Lynn Kamerlin, Ph.D

Computational Biophysics
Georgia Institute of Technology
Recruited: 2022

Lynn Kamerlin develops advanced computer models to simulate how certain biomolecules have evolved over time and how they interact with compounds and structures in their environment, from breaking down pesticides and plastics to regulating the growth of cancer cells. 

A key area of her expertise is enzymes, the proteins that speed up and regulate chemical reactions in the body. In their simplest representation, enzymes can be thought of as a series of beads (amino acids) on a string. The type of beads and how they are ordered affect how they function, and the number and combination of amino acids on enzymes is an astounding figure, akin to the number of stars in the universe – squared.

Kamerlin uses supercomputers to uncover knowledge about enzymes and create models of their function and interaction. These models can reveal, for example, what would happen if a specific amino acid were swapped on an enzyme or put in a different position along the string. Her research has helped illuminate how the structure of an enzyme causes it to catalyze specific reactions – and how changing this structure could bring about all kinds of new benefits for humankind. For example, newly engineered enzymes could help break down organophosphates to make pesticides non-poisonous or be used as biotherapeutics to treat human diseases.

Connecting enzymes from the past to those of today – and ultimately, those in the future – is central to Kamerlin’s work. One way to achieve this is through an approach called ancestral sequence reconstruction. After combining the sequences of several modern enzymes, Kamerlin uses probability models to mathematically predict what kind of sequences could have given rise to the ones we have today. 

This approach allows her and other researchers to try to “resurrect” ancient enzymes that may have relevance to answering today’s needs. By reconstructing and characterizing these enzymes in the laboratory, it’s possible to get insight into how enzymes could have emerged and evolved over vast spans of evolutionary times. As enzymes regulate the chemical reactions that make life possible, understanding how they evolve gives us an intimate window into who we are and where we came from.

From an engineering perspective, older enzymes had broad application and often could withstand extreme temperatures. This makes them ideal candidates to tweak for new purposes, such a breaking down PET plastic – one work in progress for Kamerlin and her collaborators.
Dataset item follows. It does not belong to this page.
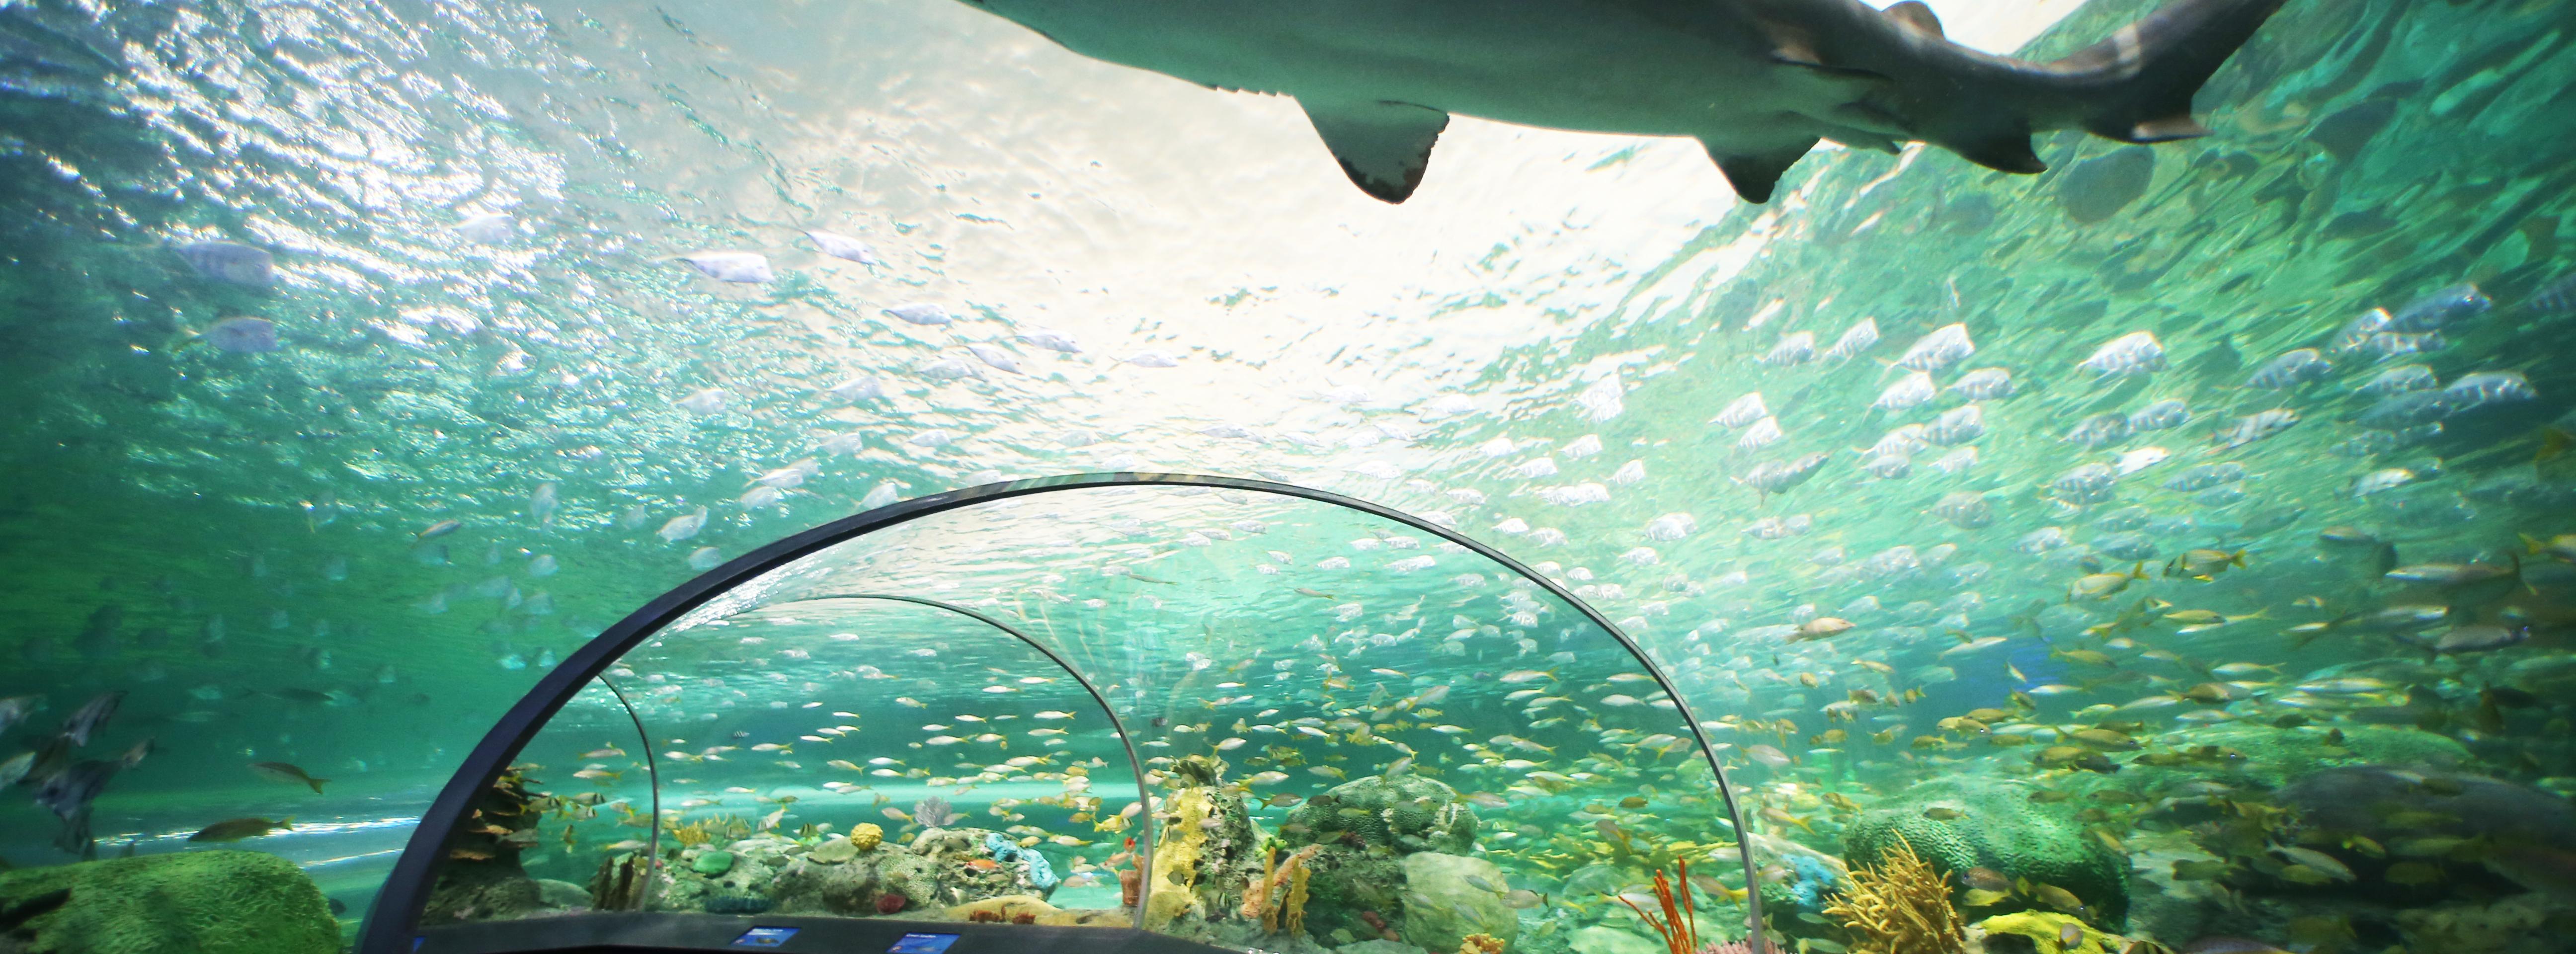 Fast-Track Tickets to Ripley's Aquarium of Canada – Toronto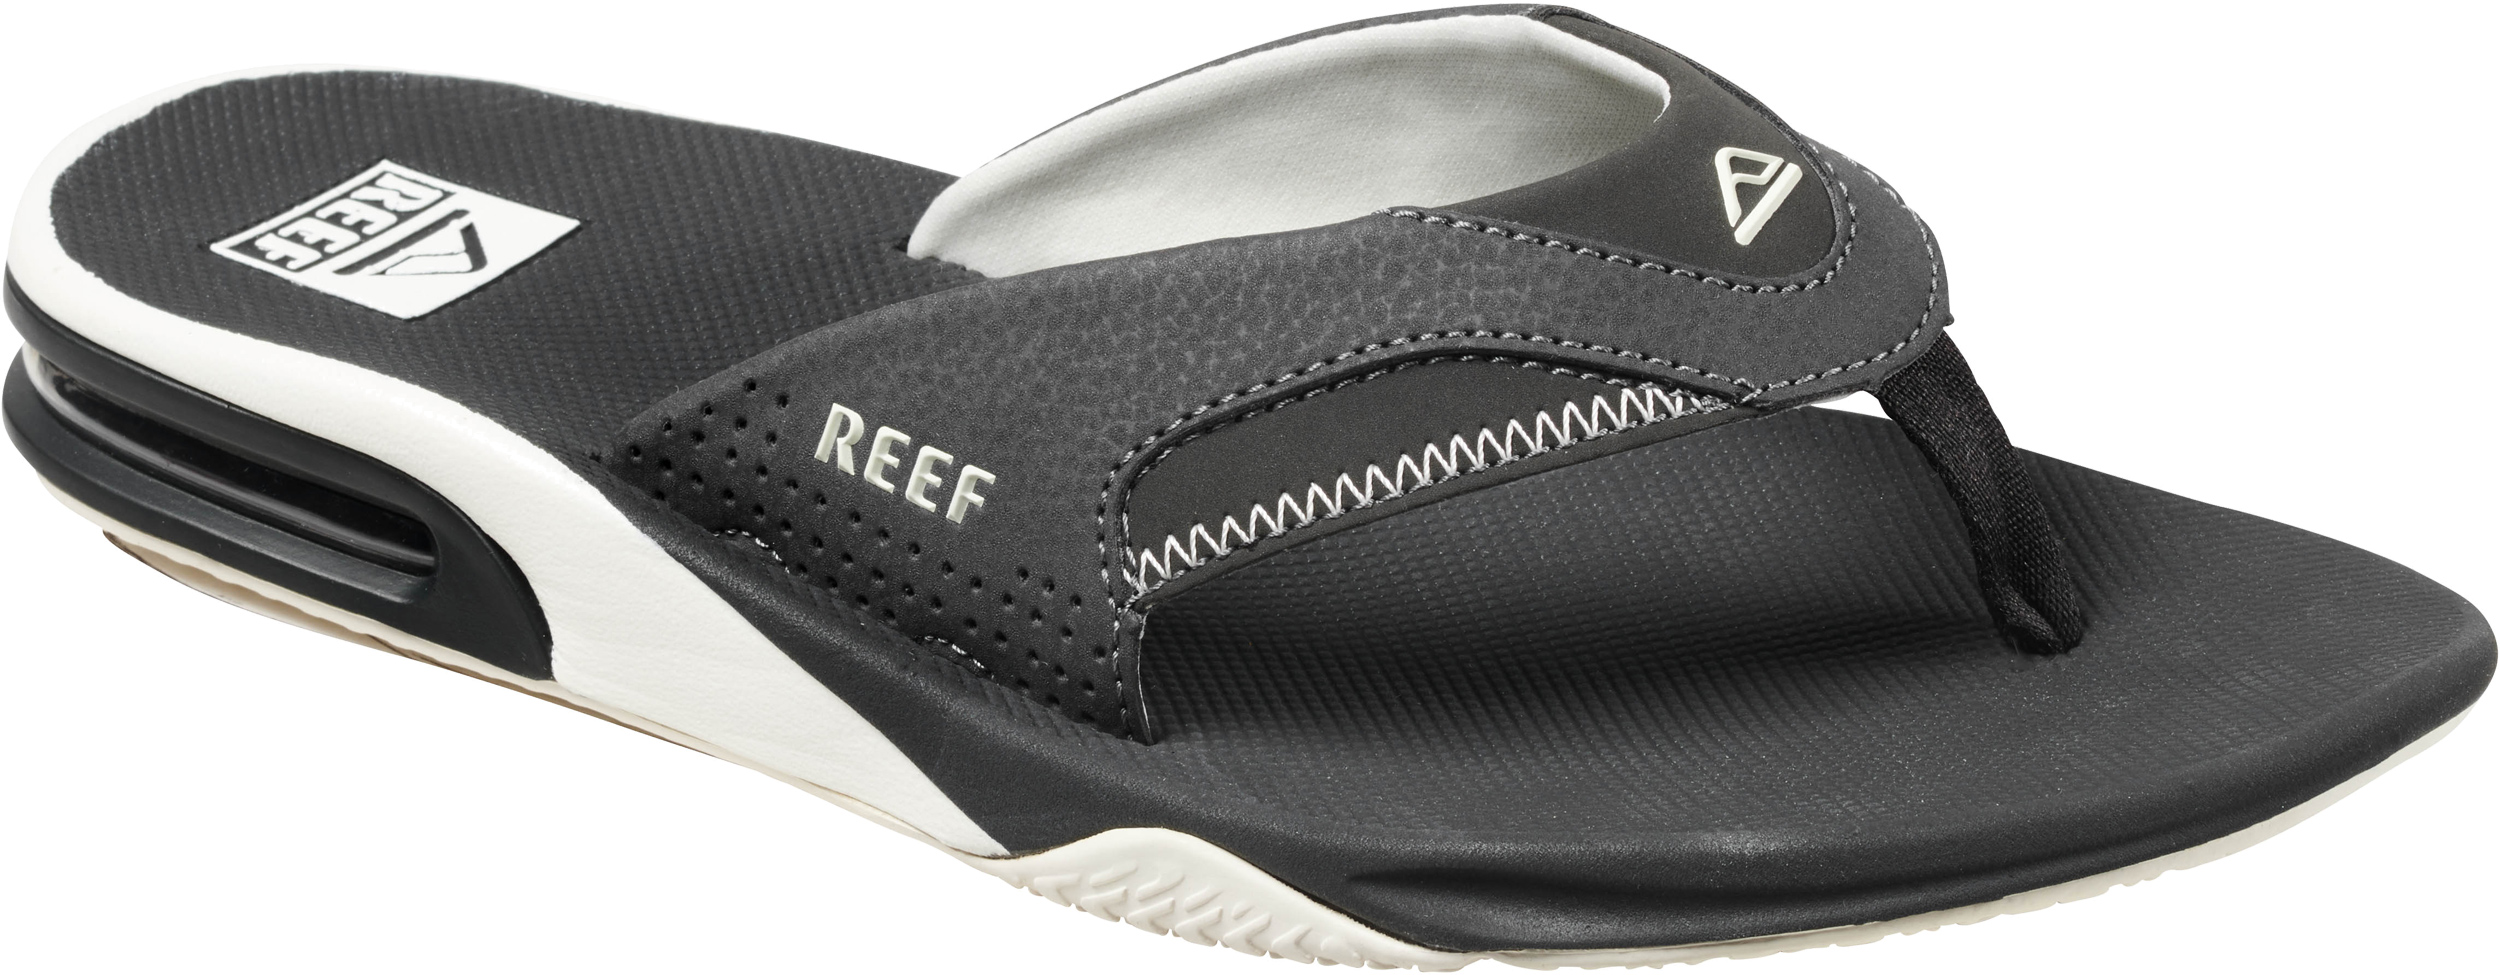 Reef Raven/White Fanning size 9

By contrast, modern enzymes have evolved in such a way that they are highly specialized, so it’s not as easy to repurpose them for new functions.

A powerful potential application of Kamerlin’s research involves reducing the toxicity to humans of some chemicals. Organophosphates, present in pesticides and nerve gases, are relatively new chemicals. Some enzymes in nature that have evolved since the advent of organophosphates can break them down, but the degradation process is extraordinarily slow. Kamerlin believes that accelerating the evolution of these effective enzymes – using her tools of supercomputing and modeling – could bring a cure for poisoning by organophosphates.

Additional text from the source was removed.